Despite these theories, proponents point out to some obvious faults these arguments. A good counter-argument is the fact that fairy tales are designed for children who often do not have high mental capabilities let alone the ability to comprehend the said values from the text. For example, a child is unlikely to associate beauty with authority but rather associate it with love and compassion. Further, young readers often take the fairy tales at face value which is evident when they over grow their prince and princess fairy tales phase and characters without a lot of emotional repercussions (Nikolajeva 171-187). Proponents also argue that if even factual stories are analyzed, one can be convinced of a hidden meaning when there is none based on the fact one wants to find meaning in the story. As such, the argument that fairy tales inculcate the unsuspecting with the value systems of the dominant culture is unfounded.
Nevertheless, it is undoubtedly clear that fairy tales do indeed have messages that serve to popularize the value systems of the dominant culture.
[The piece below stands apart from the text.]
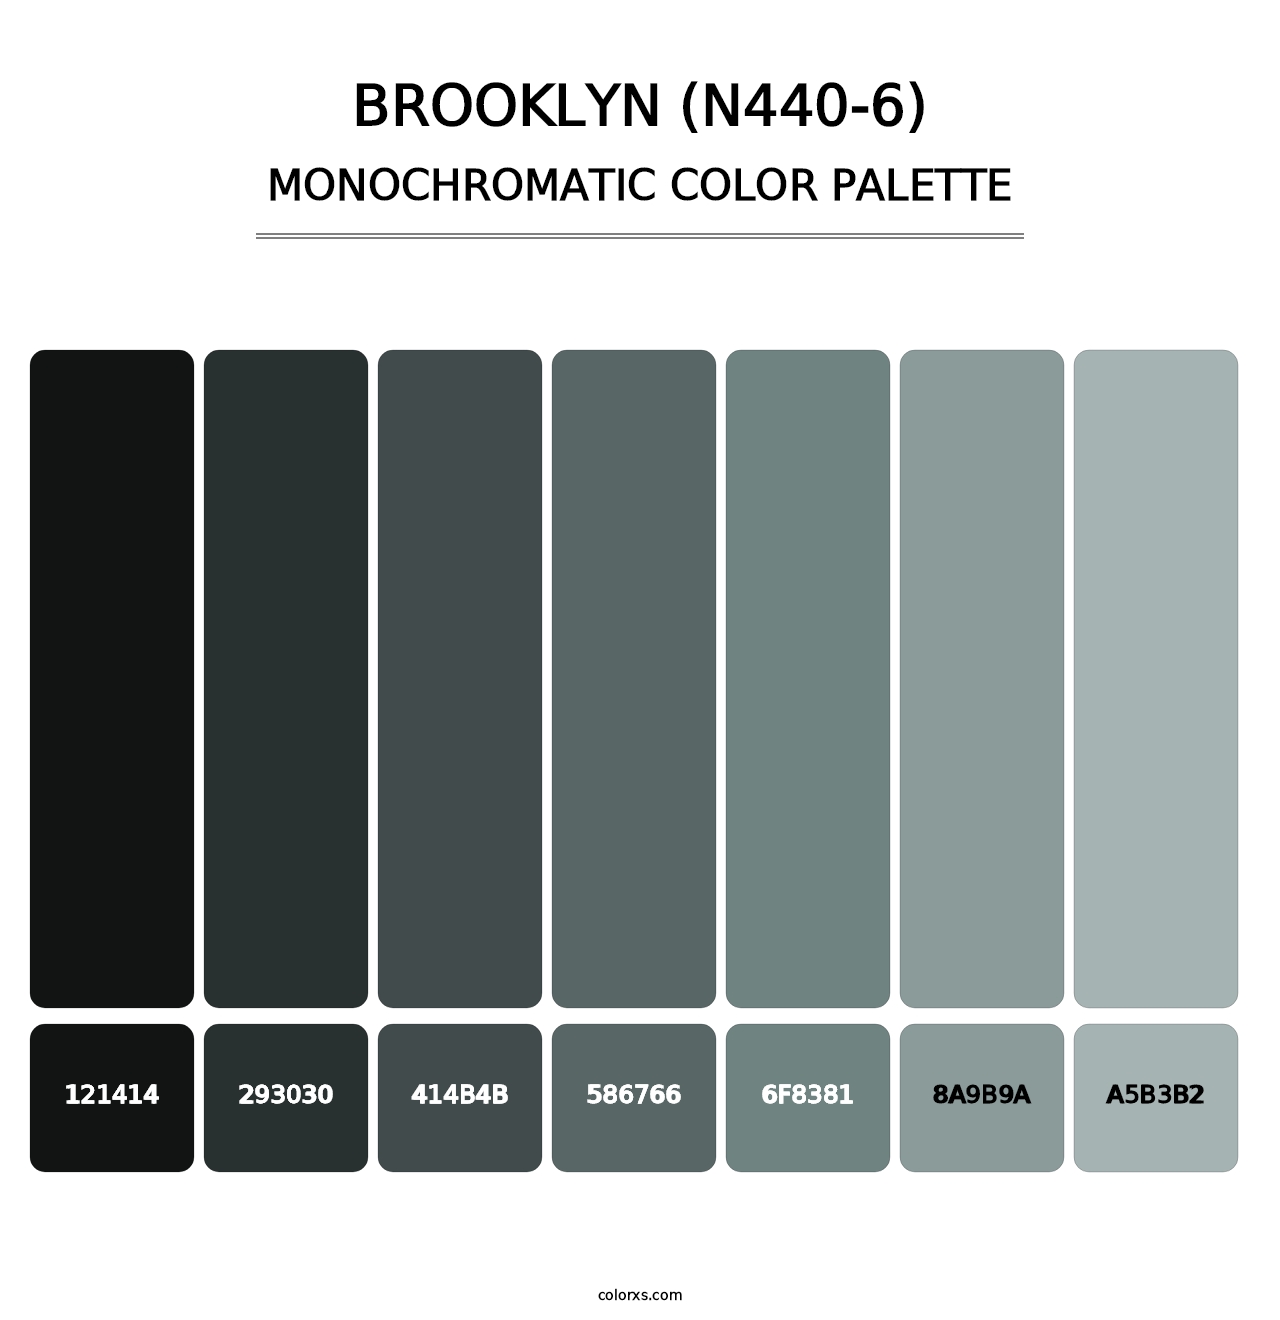 Brooklyn (N440-6) - Monochromatic Color Palette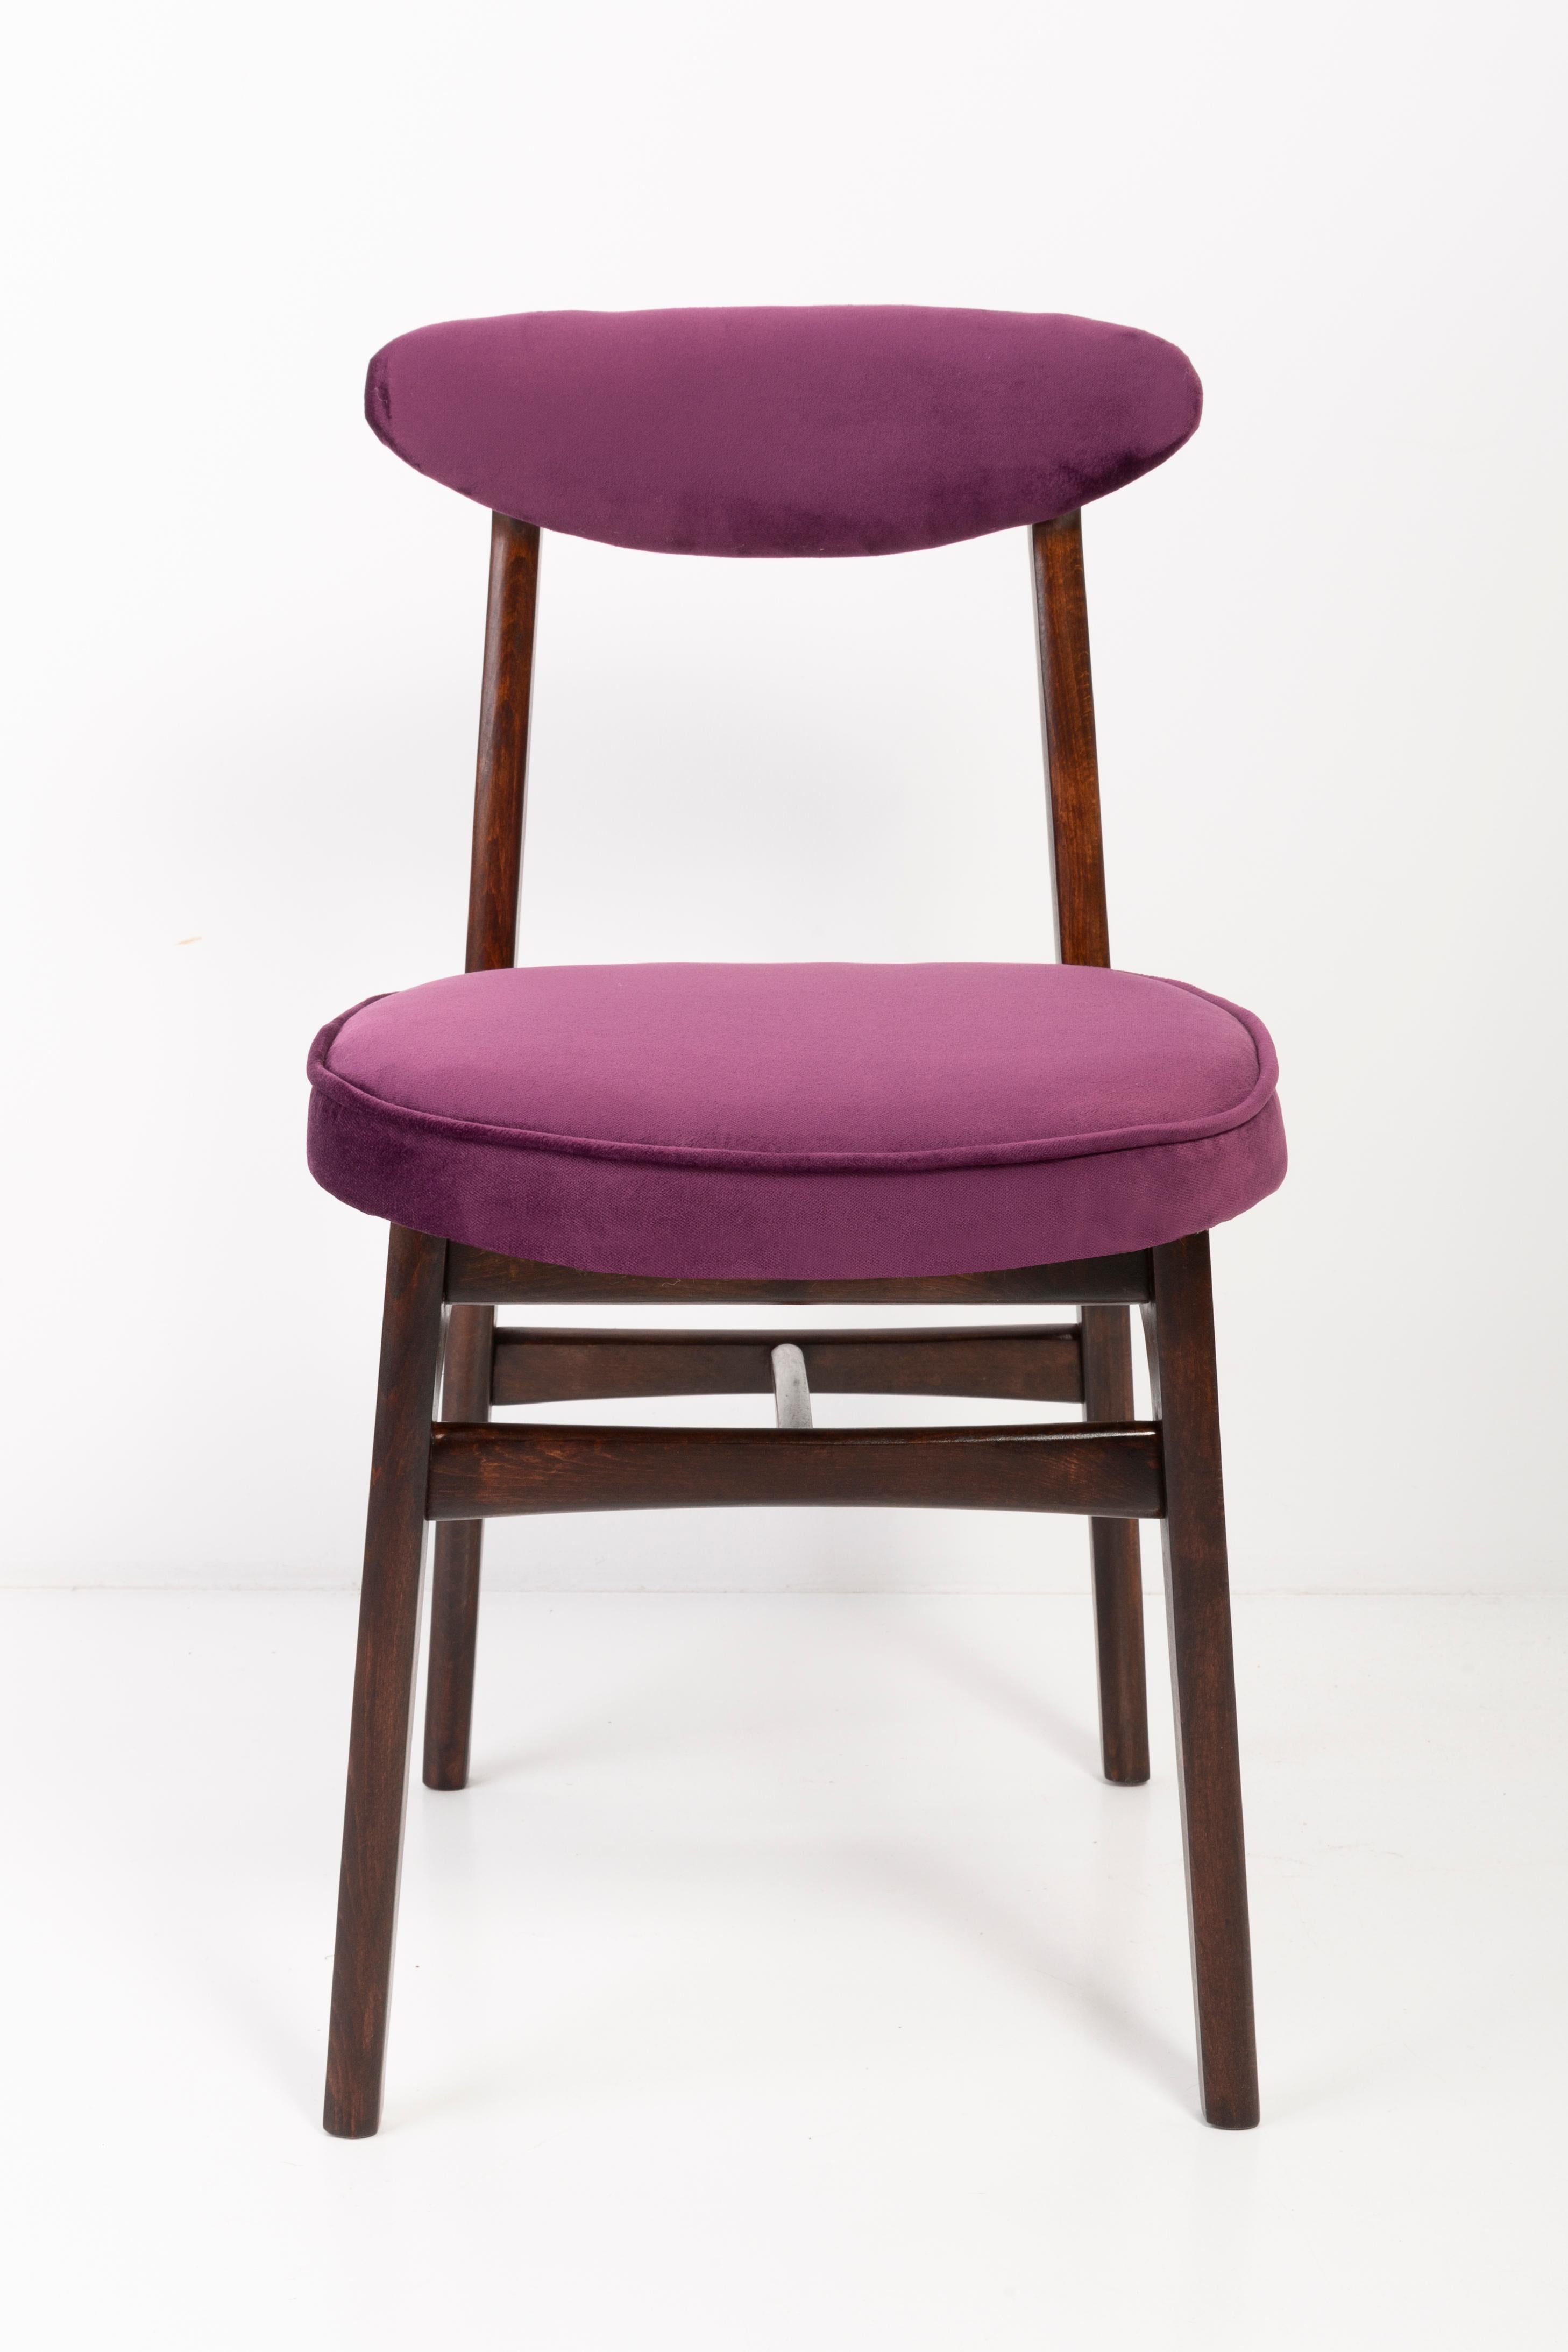 Textile Twelve 20th Century Plum Violet Velvet Rajmund Halas Chairs, Europe, 1960s For Sale

Although proponents argue that children take everything at face value and that they are unlikely to notice these values of the dominant culture, research has shown that human minds can be manipulated subconsciously through visual or auditory cues. As such it is not unfounded to think that our minds can be subconsciously manipulated to accept certain values through our favourite characters in fairy tales (Zipes 256). On the contrary, it is for this reason that fairy tales are especially effective in inculcating the unsuspecting readers with the desired ideologies because they target young readers who are less resistant and aware.
Although fairy tales have been part of the popular culture since time immemorial, it is crucial that their usefulness is re-evaluated lest they continue to indoctrinate, subtly, young readers with ideologies benefiting the popular culture. In summary Jack Zipes notion that fairy tales inculcate the unsuspecting with the value systems of the dominant culture is accurate.
"Jack Zipes Are Fairy Tales Still Useful To Children? | The Art Of Storytelling Show". Artofstorytellingshow.com. N.p., 2016. Web. 25 Oct. 2016.
Nikolajeva, Maria. "Fairy Tales In Society's Service". Marvels & Tales 16.2 (2002): 171-187. Web.
Seifert,. "Introduction: Queer(Ing) Fairy Tales". Marvels & Tales 29.1 (2015): 15. Web.
Zipes, Jack. Breaking The Magic Spell. Lexington: University Press of Kentucky, 2002. Print.
Zipes, Jack. Fairy Tales And The Art Of Subversion. Milton Park, Abingdon, Oxon: Routledge, 2012. Print.